笠戸島の防空砲台と照聴所を再訪しましたので、施設配置図を掲載するとともに記事の書き換えを行っていきます。

 

下松市沖に浮かぶ笠戸島には、開戦直後に「深浦特設見張所(照聴所)」が、戦争末期には「笠戸防空砲台」が設置されました。

 

◆参考リンク:【徳山海軍警備隊の要図・概略】【笠戸防空砲台】【発電所

 

戦後米軍が撮影した空中写真には各施設がはっきり写っていますので、名称を付与して掲載します。

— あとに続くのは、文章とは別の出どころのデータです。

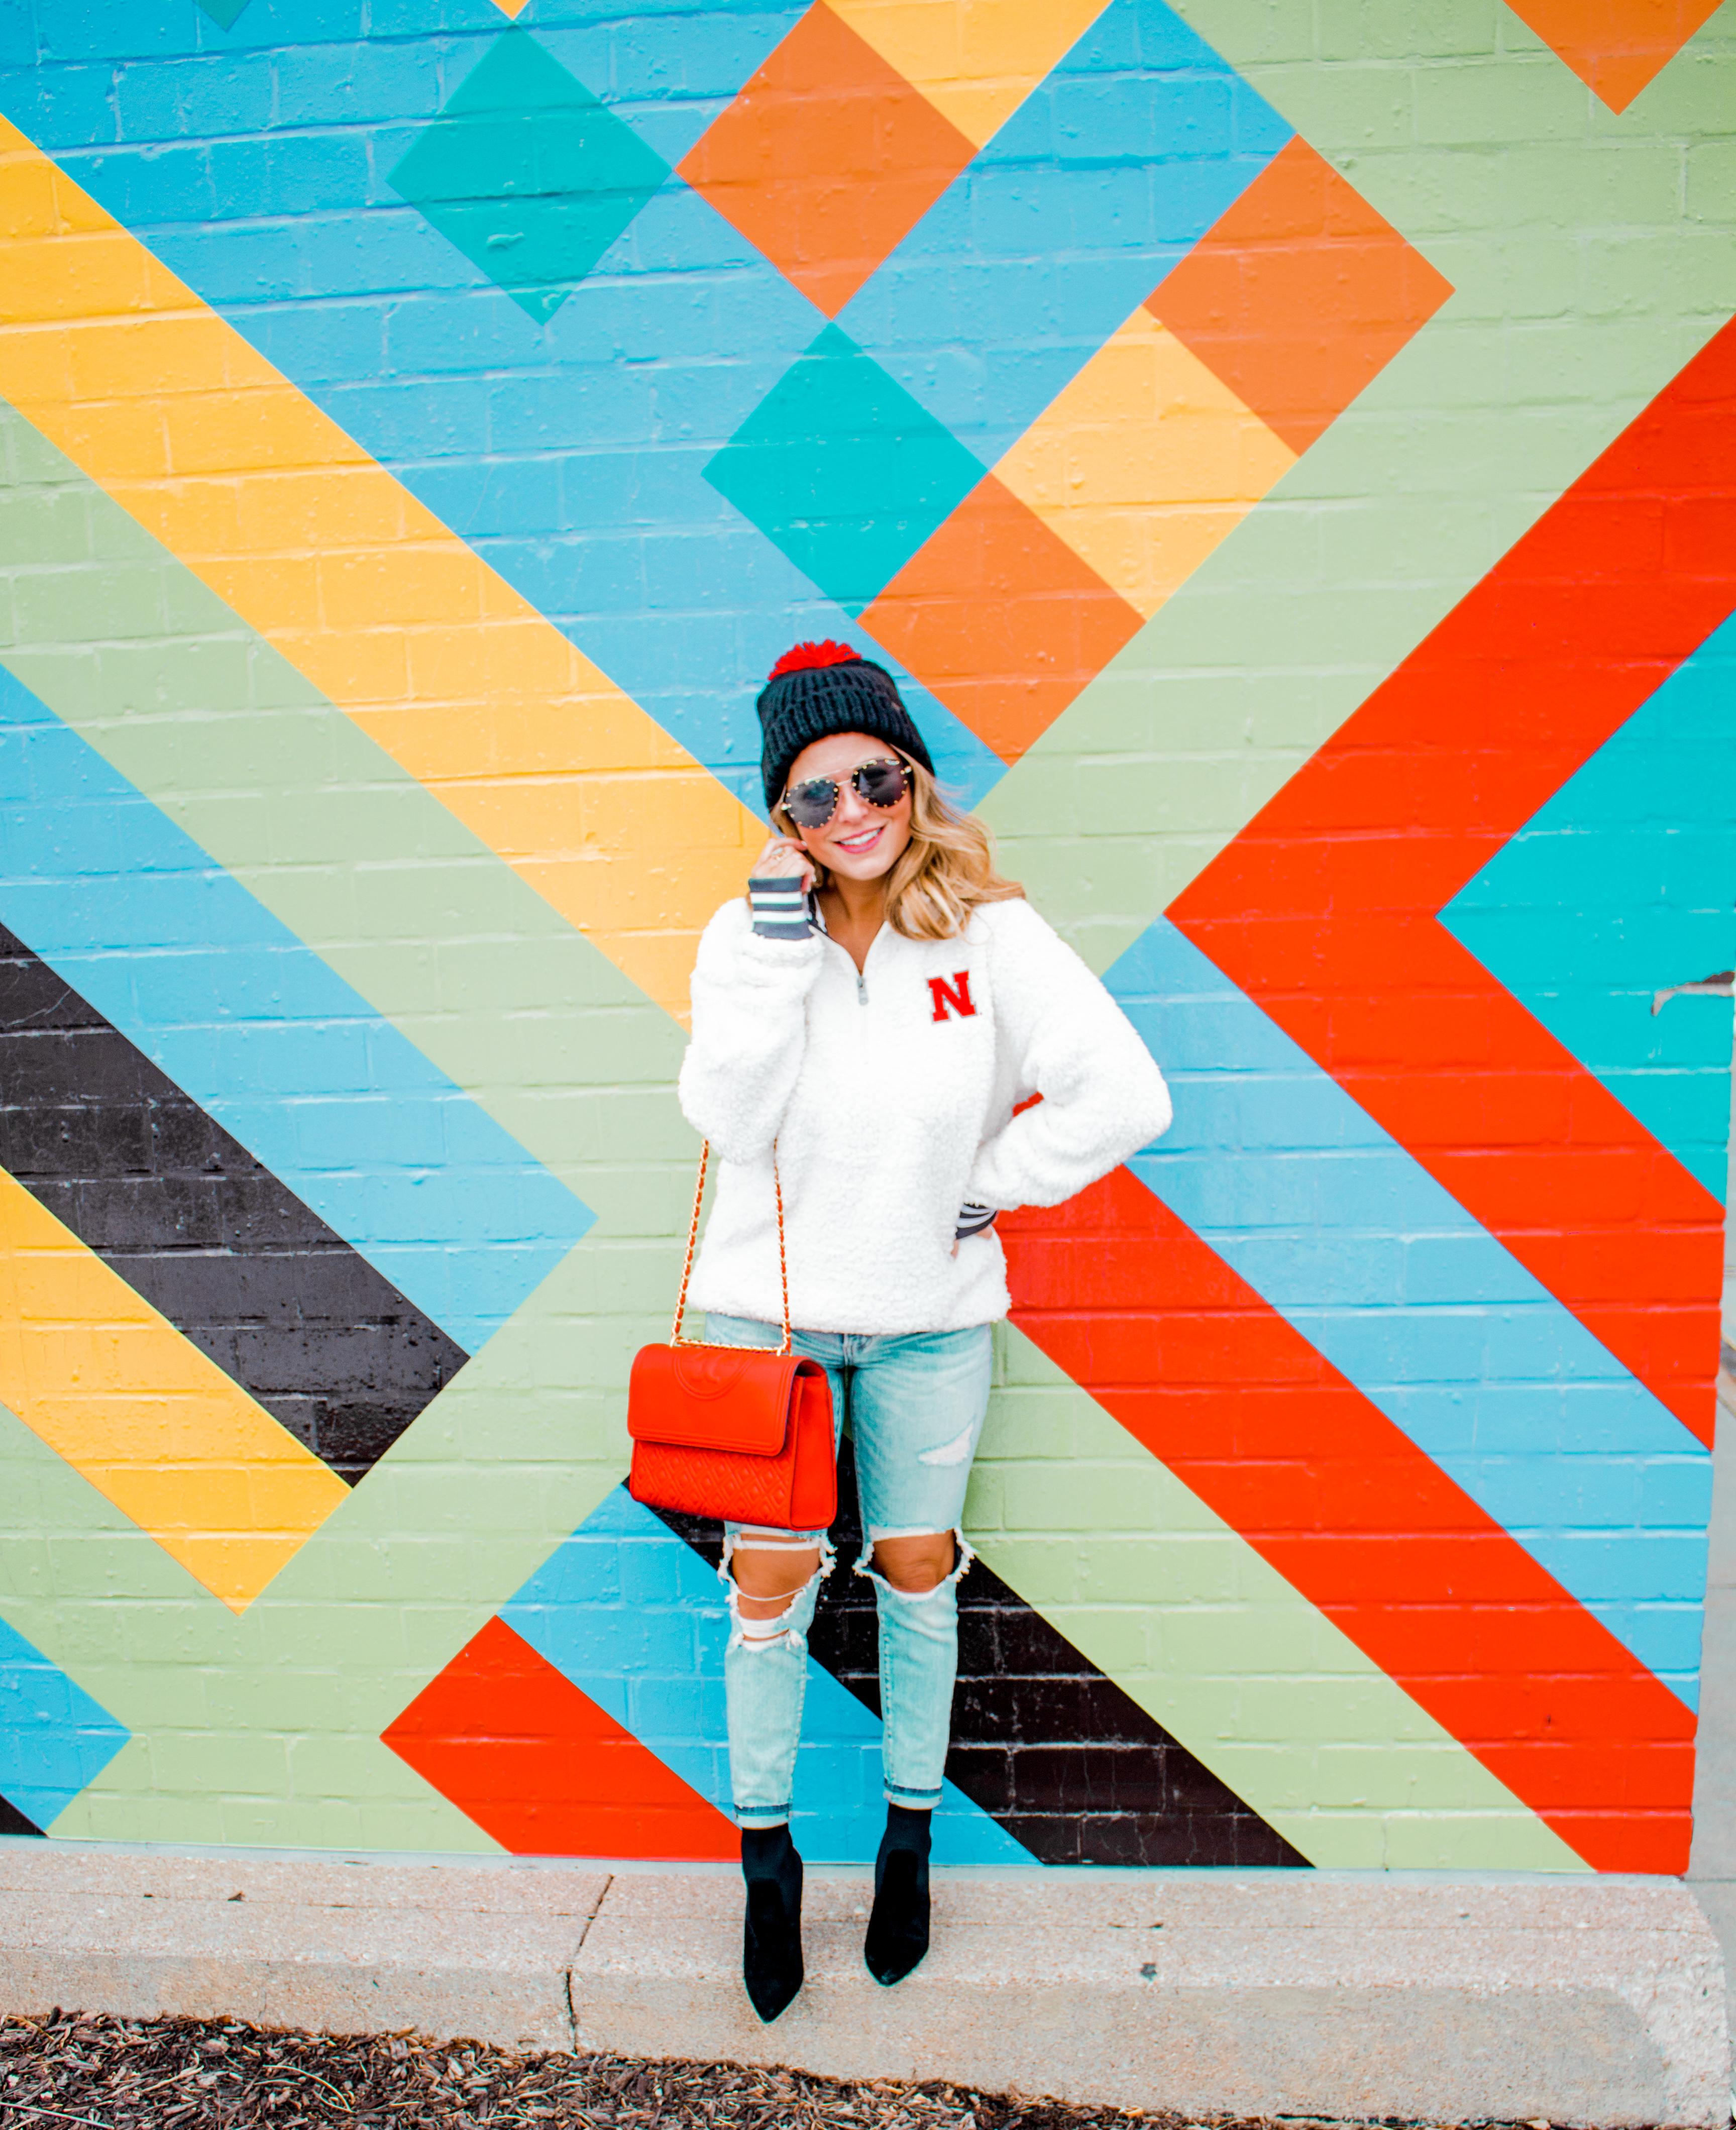 Nebraska - Women's Fashion - Sherpa - Husker - Pullover - Husker Gear - Omaha Blogger - Sabby Style - Casual Outfit - 7

(国土地理院 空中写真閲覧サービス USA-M114-37、1947年3月)

 

ではまず「深浦特設見張所(照聴所)」をレポートしますが、最初に『戦時日誌』を辿りながら履歴を書いていきます。

 

「深浦」は大東亜戦争開戦時は工事中で、昭和17年(1942年)2~3月ごろに完成したと思われます。徳山界隈に構築された照聴所と同じく、九六式百五十糎探照灯と仮称ヱ式空中聴測装置(聴音機)各1基を装備して対空警戒の任務に当たりました。

 

戦争後期の昭和19年になると、電波探信儀(レーダー)を配備すべく工事が始まり、同年12月には、灰が峰探信所にある2式1号1型電探(通称:11号電探)を移設、昭和20年2月には3式1号3型電探(通称:13号電探)を新設して配備が完了しました。

なお戦後に纏められた『引渡目録』では探照灯と聴音機が掲載されていませんでしたので、この2つの装備は防空砲台に移設した上で、聴音所から電波探信所として生まれ変わったと思われます。

 

さて、「深浦」は開戦以来呉海軍警備隊徳山分遣隊の一員として名を連ねていましたが、昭和19年10月20日、呉海軍警備隊から独立する形で徳山海軍警備隊が新設されました。これに伴い徳山界隈の防空砲台や照聴所は「呉」から「徳山」の所属になりましたが、そこに「深浦」の文字はありませんでした。隣接する「笠戸防空砲台」は「徳山」所属なのになぜでしょう?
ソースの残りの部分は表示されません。